Reputation: 14632
I'm learning Python's regular expression, following is working as I expected:
>>> import re
>>> re.split('\s+|:', 'find a str:s2')
['find', 'a', 'str', 's2']
But when I change +
to *
, the output is weird to me:
>>> re.split('\s*|:', 'find a str:s2')
['find', 'a', 'str:s2']
How is such pattern interpreted in Python?
Upvotes: 4
Views: 127
Reputation: 1121614
The 'side effect' you are seeing is that re.split()
will only split on matches that are longer than 0 characters.
The \s*|:
pattern matches either on zero or more spaces, or on :
, whichever comes first. But zero spaces matches everywhere.

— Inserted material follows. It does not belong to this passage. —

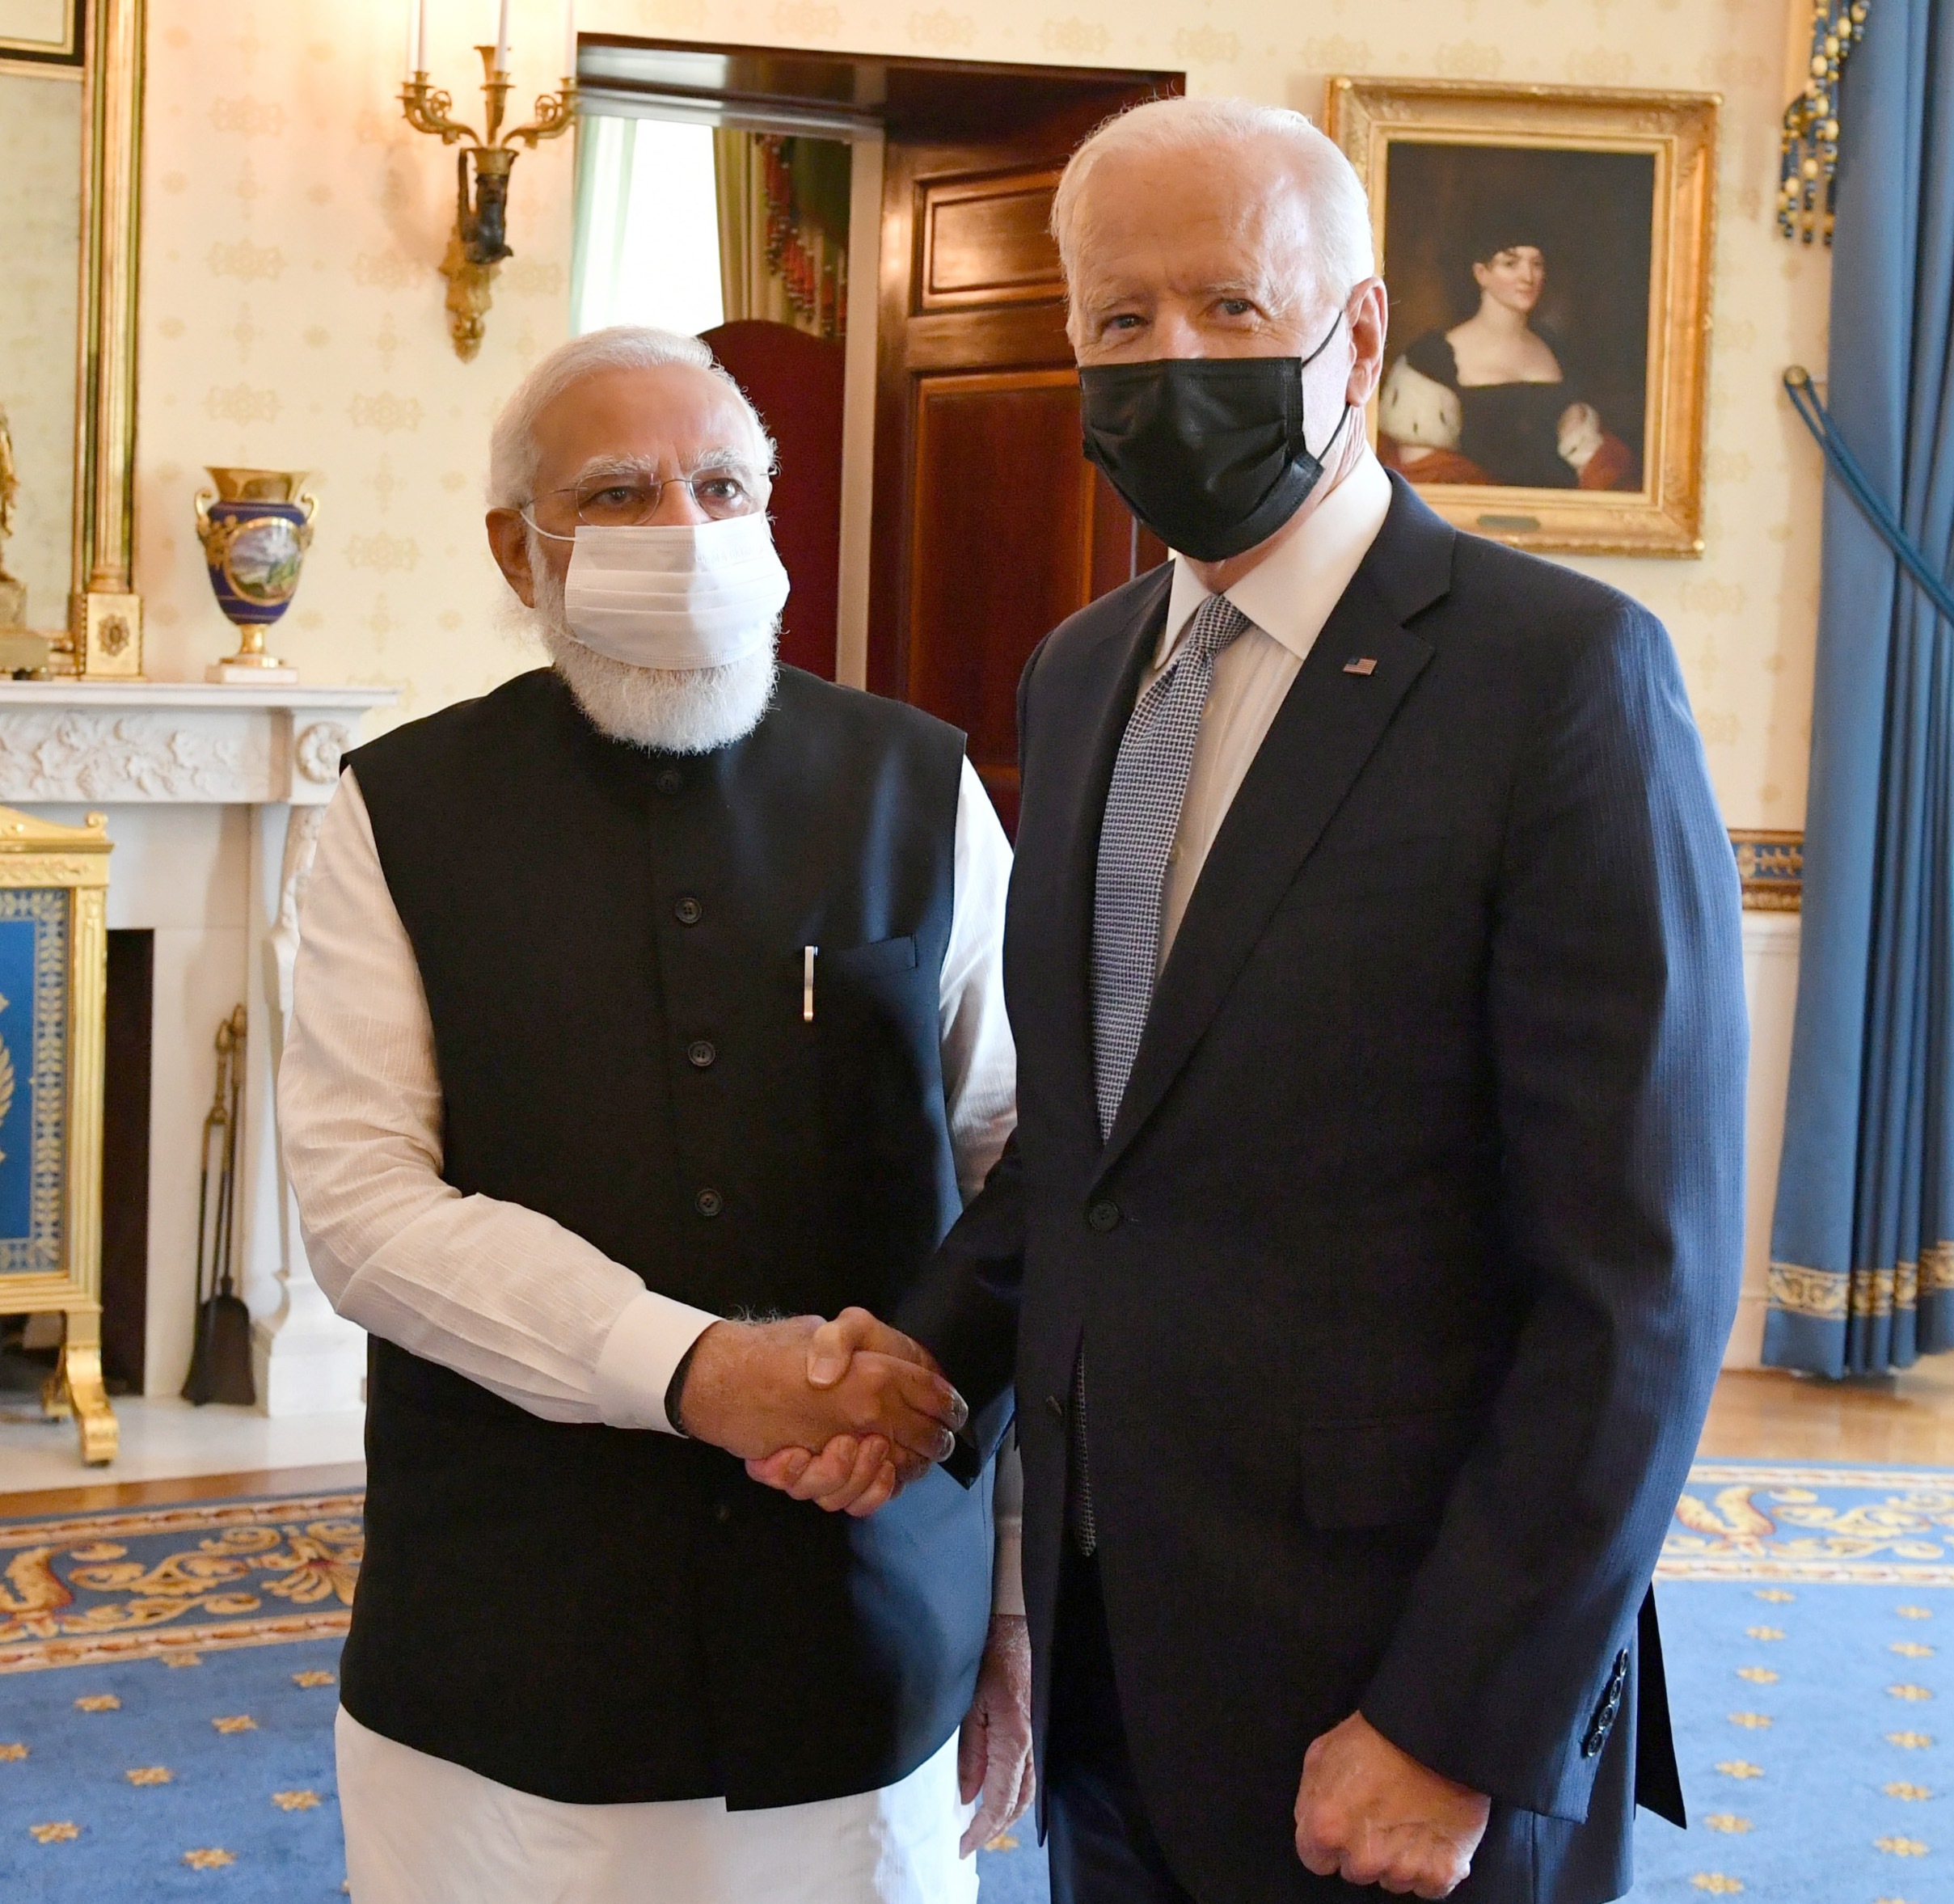 प्रधानमंत्री मोदी द्वारा लाए दस्तावेज दर्शाते हैं भारत में बाइडन अमेरिकी राष्ट्रपति से जुड़े हैं

In those locations where more than zero spaces matched, the split is made.
Because the \s*
pattern matches every time a character is considered for splitting, the next option :
is never considered.
Splitting on non-empty matches is called out explicitly in the re.split()
documentation:
Note that split will never split a string on an empty pattern match.
If you reverse the pattern, :
is considered, as it is the first choice:
>>> re.split(':|\s*', 'find a str:s2')
['find', 'a', 'str', 's2']
Upvotes: 9
Reputation: 710
If you meant to do "or" for your matching, then you have to do something like this:
re.split('(\s*|:)', 'find a str:s2')
In short:
"+" means "at least one character".
"*" any (or none)
Upvotes: -4